One can see why a Steve Bannon or even a seedy East European populist leader might see George Soros as a threat to their sordid nationalist projects. Soros has spent billions of dollars on philanthropy in support of liberal, democratic causes in more than 100 countries. Hungarian nationalist-populist Prime Minister Viktor Orbán, in particular, has relished in revivifying ancient, anti-Semitic stereotypes when referencing Soros. From the ADL, in 2018:
However, such anti-Soros activity is not unique to Hungary. Soros long has been a punching bag of authoritarian regimes across Eastern Europe where resentment lingers for his work to build democratic institutions and governments after the fall of the Iron Curtain. And voices in some liberal democracies like Israel cast Soros as a central figure trying to undermine the national interest.
In the United States, Soros long has been a favored target of the so-called alt right and other right-wing extremists. Their online echo chambers reverberate with conspiracies about Soros, accusing him of attempting to perpetrate “white genocide” and push his own malevolent agenda. In a report published earlier this year that analyzed antisemitic speech on Twitter, ADL found that Soros figured prominently in a significant number of antisemitic tweets. One noteworthy allegation claimed that Soros was responsible for the deadly “Unite the Right” rally in August 2017 in Charlottesville, Va. Other tweets referred to his Jewish heritage in pejorative terms and claimed that he’s trying to undermine all of Western civilization.
Quite the contrary. George Soros is not trying to undermine the West at all. His Open Society, created to push back against the anti-democratic geopolitical trends that forced him to flee his native Hungary, has spent $19 billion fostering "vibrant and inclusive democracies whose governments are accountable to their people.” He is an avid defender of the liberal international order that allowed so-called “libertarians” like Musk and Murdoch to flourish.

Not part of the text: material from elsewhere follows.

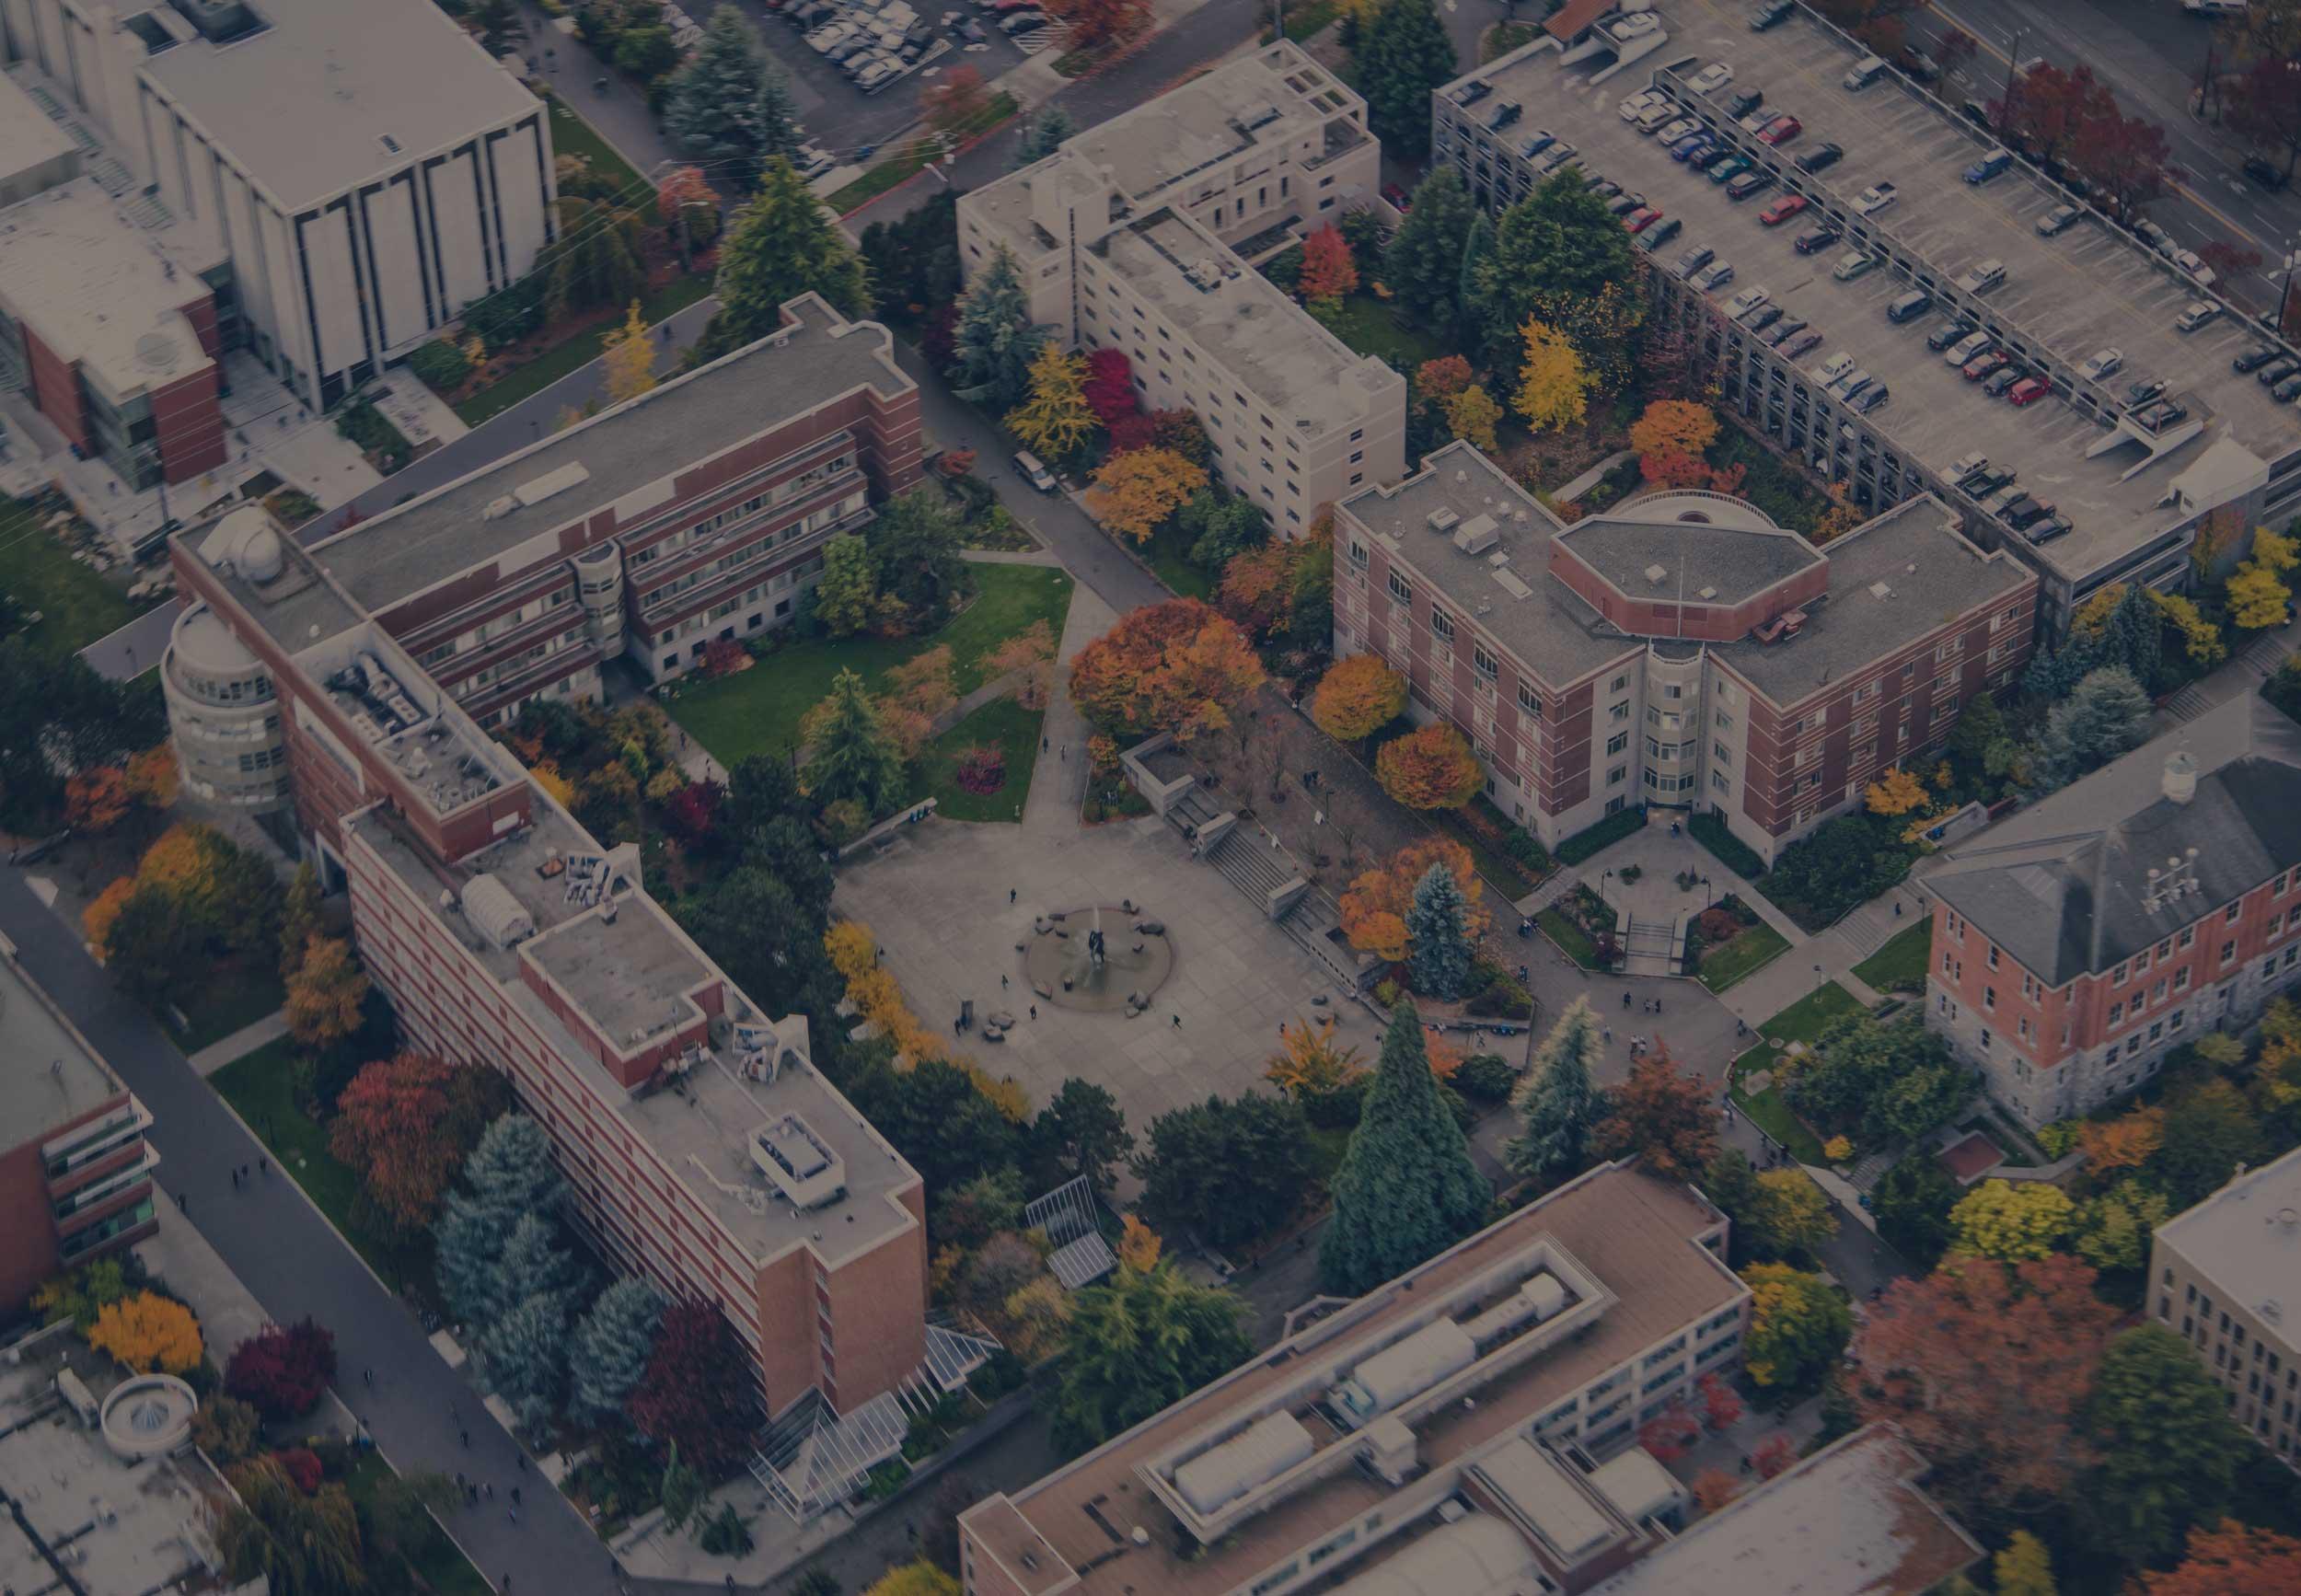 School Wireless Network Design 2.0 – 10 Campus Wi-Fi Planning Tips

The Open Society has a robust record of supporting freedom of speech, human rights and the free flow of information around the world. They have given thousands of grants to organizations that promote freedom of expression. While Elon Musk, of late, bowed solemnly to pressure from Turkey. And Murdoch’s Fox News just settled a $787 million settlement in a false election claims case regarding the 2020 United States Presidential election. Who, ladies and gentlemen of the jury, is better defending the West’s rich ideological heritage — the Open Society, or the Musk and Murdoch media?